— What needs to be done —
Although the data below holds other lines too, output only those from the line with "Open season on" up to and including the line with "Flower Field illustration design", exactly as they appear.

Start of Information given

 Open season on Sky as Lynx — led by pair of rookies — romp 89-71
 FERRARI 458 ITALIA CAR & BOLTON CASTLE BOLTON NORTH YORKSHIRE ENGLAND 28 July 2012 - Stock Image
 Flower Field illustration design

End of Information given
Start of Information given

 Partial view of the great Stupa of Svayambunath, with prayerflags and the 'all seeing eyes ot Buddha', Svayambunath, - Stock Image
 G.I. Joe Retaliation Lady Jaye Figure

End of Information given
Start of Information given

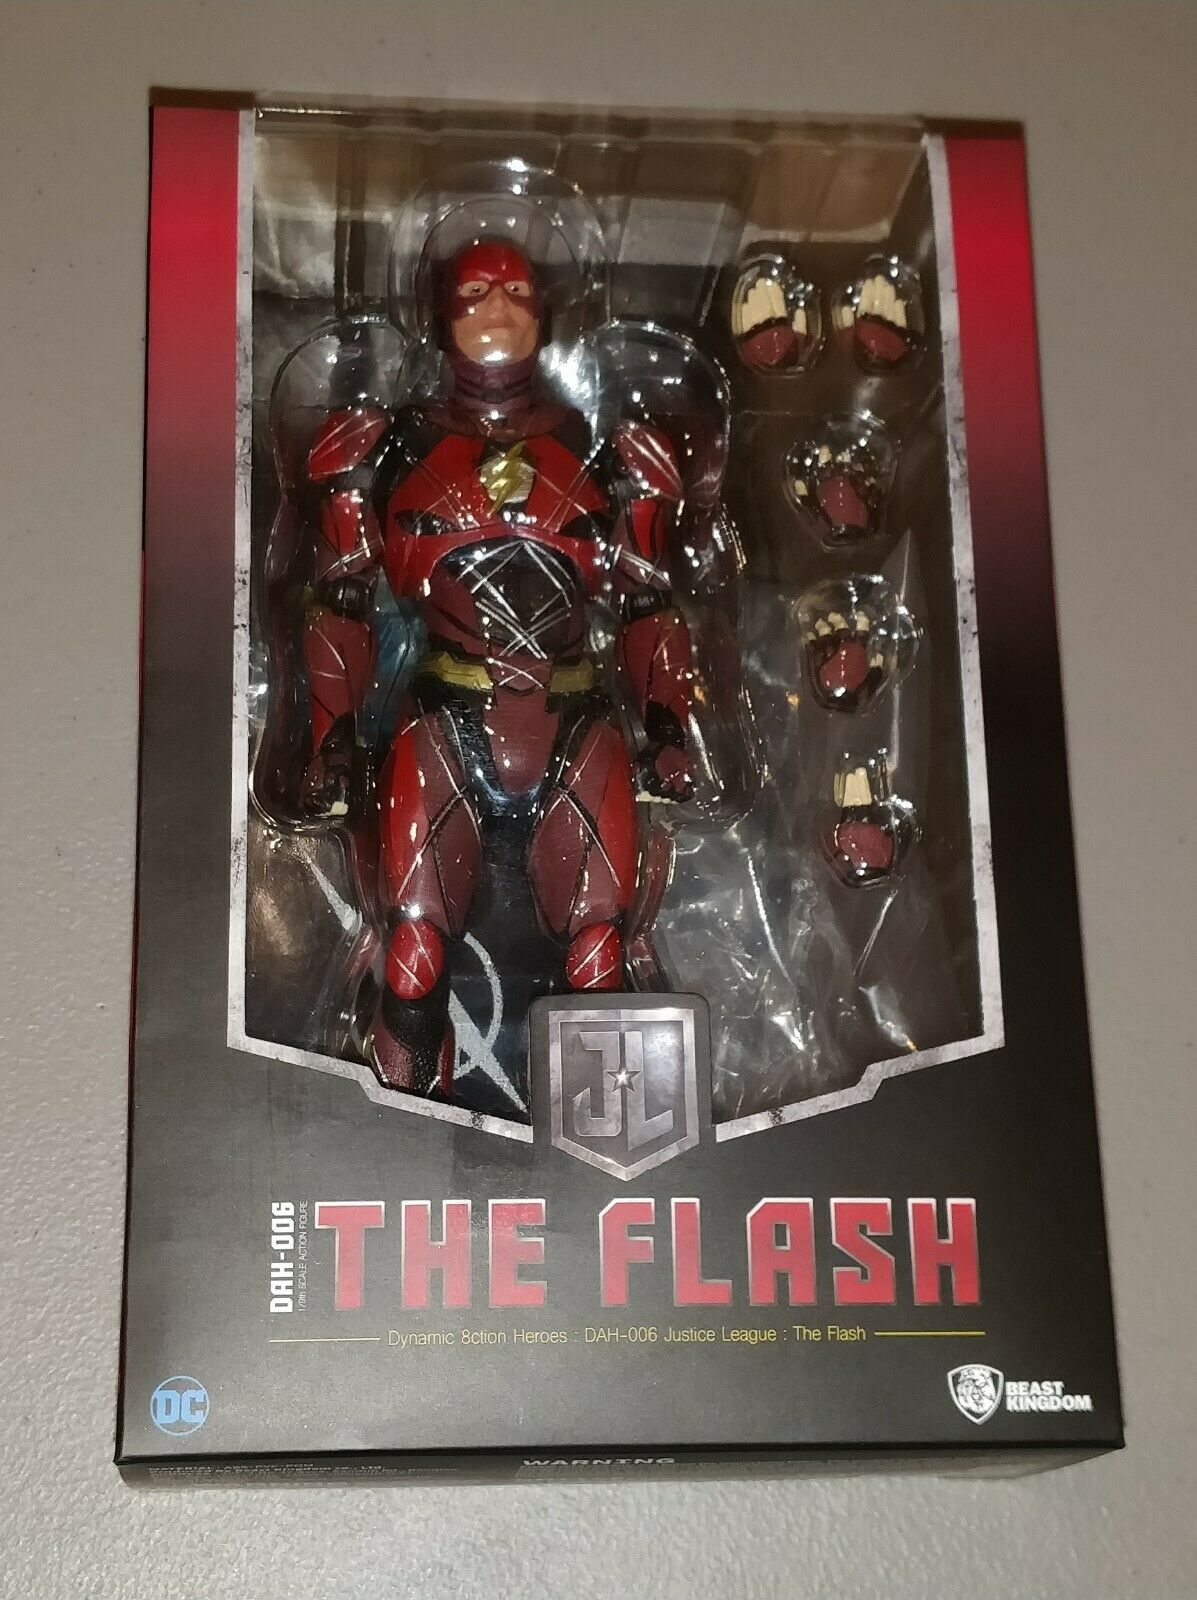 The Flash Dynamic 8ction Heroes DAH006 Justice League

End of Information given

— Expected answer —
 Open season on Sky as Lynx — led by pair of rookies — romp 89-71
 FERRARI 458 ITALIA CAR & BOLTON CASTLE BOLTON NORTH YORKSHIRE ENGLAND 28 July 2012 - Stock Image
 Flower Field illustration design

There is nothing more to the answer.